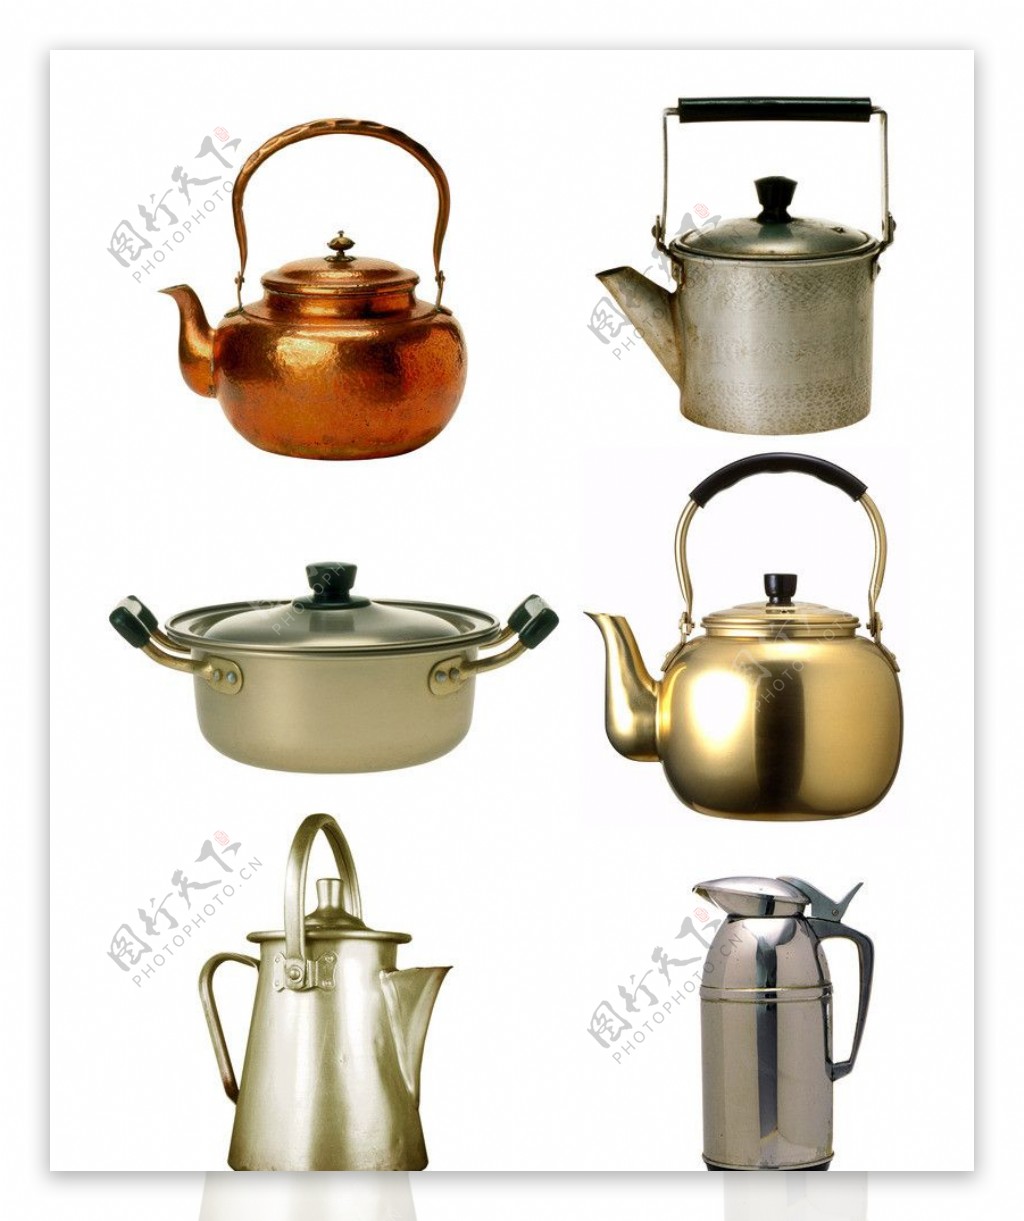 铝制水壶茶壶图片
* * *
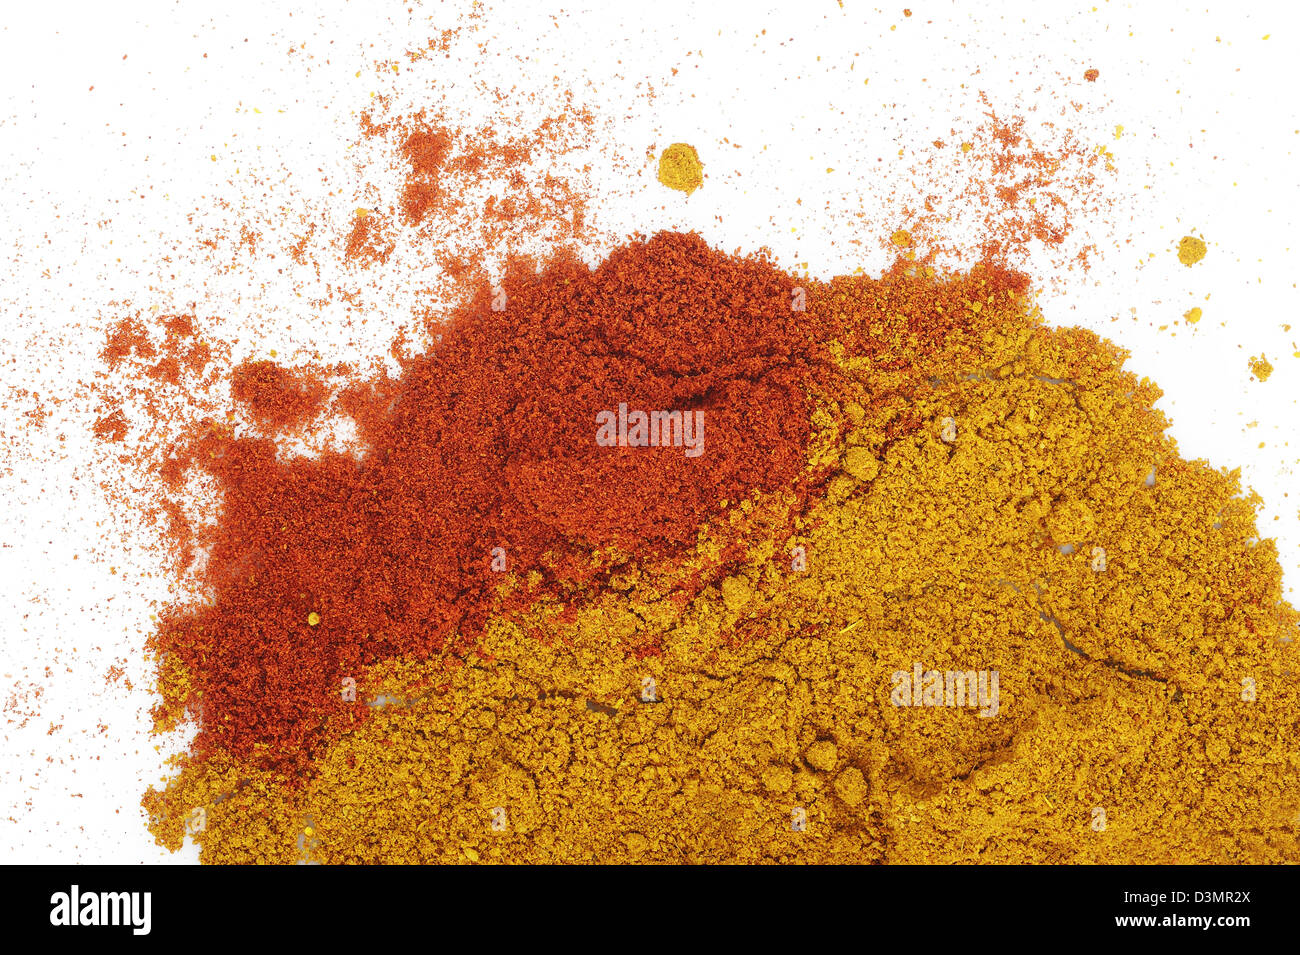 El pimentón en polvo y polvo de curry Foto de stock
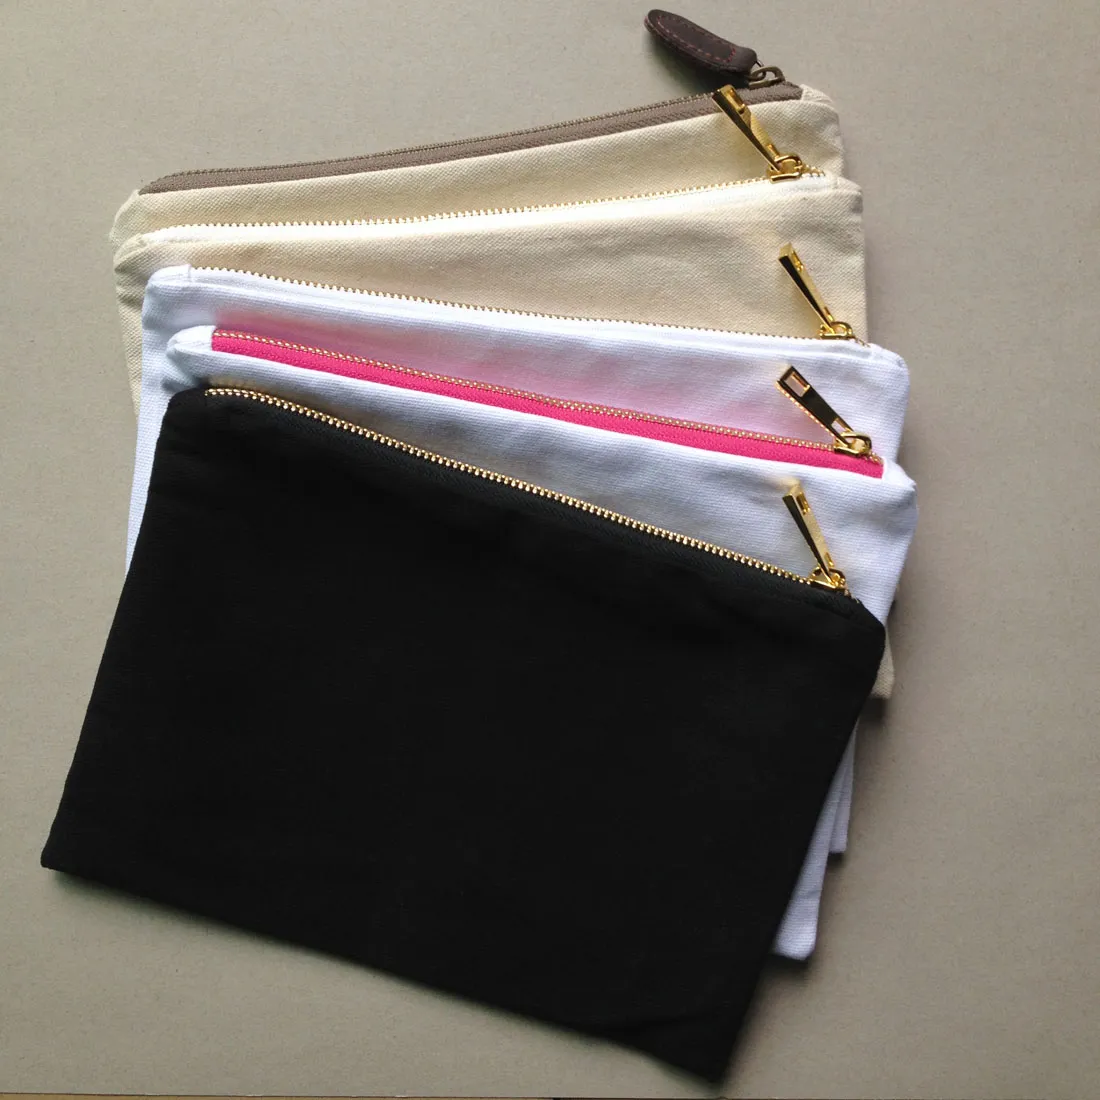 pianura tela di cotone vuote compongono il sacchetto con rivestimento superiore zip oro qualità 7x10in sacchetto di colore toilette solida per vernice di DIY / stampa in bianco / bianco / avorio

TASK GOAL: Print exactly, with no pictures, the lines above from the one that holds "El pimentón en" through the one that holds "pianura tela di", both of them included.

REPLY:
 El pimentón en polvo y polvo de curry Foto de stock
 pianura tela di cotone vuote compongono il sacchetto con rivestimento superiore zip oro qualità 7x10in sacchetto di colore toilette solida per vernice di DIY / stampa in bianco / bianco / avorio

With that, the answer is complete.